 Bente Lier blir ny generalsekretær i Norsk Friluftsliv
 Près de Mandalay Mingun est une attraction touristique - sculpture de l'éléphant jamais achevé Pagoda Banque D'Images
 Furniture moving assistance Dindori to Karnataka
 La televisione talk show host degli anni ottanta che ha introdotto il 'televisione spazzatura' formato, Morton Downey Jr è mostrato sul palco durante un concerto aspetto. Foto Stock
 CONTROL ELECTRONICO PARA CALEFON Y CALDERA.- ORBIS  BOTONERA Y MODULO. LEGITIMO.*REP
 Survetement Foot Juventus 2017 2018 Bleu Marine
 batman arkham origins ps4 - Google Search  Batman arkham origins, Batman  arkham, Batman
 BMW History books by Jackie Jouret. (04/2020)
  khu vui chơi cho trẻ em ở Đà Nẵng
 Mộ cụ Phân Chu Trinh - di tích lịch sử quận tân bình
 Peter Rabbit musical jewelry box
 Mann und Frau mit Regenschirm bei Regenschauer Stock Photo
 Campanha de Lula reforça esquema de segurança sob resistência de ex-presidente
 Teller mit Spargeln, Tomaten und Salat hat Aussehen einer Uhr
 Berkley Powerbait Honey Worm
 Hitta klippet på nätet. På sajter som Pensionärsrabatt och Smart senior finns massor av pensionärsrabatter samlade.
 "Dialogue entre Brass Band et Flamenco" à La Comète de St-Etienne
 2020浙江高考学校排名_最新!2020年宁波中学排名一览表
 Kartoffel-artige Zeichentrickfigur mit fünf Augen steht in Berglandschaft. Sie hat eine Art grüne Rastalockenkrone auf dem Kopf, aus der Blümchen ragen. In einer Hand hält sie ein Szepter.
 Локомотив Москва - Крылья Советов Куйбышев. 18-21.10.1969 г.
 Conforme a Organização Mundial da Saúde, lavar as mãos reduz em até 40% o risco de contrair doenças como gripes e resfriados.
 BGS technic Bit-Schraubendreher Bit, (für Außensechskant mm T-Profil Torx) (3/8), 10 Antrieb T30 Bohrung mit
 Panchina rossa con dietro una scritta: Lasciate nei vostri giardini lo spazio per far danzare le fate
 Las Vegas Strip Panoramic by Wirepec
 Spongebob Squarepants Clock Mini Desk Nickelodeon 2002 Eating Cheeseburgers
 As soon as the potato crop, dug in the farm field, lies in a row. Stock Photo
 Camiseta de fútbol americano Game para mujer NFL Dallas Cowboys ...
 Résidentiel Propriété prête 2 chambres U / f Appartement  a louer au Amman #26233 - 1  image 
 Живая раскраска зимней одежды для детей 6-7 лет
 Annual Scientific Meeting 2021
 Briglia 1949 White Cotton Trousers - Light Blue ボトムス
===
**Description of the task:** Only lines with the word "einer" count here; copy every one from the records.

**Result of this exercise:**
 Teller mit Spargeln, Tomaten und Salat hat Aussehen einer Uhr
 Kartoffel-artige Zeichentrickfigur mit fünf Augen steht in Berglandschaft. Sie hat eine Art grüne Rastalockenkrone auf dem Kopf, aus der Blümchen ragen. In einer Hand hält sie ein Szepter.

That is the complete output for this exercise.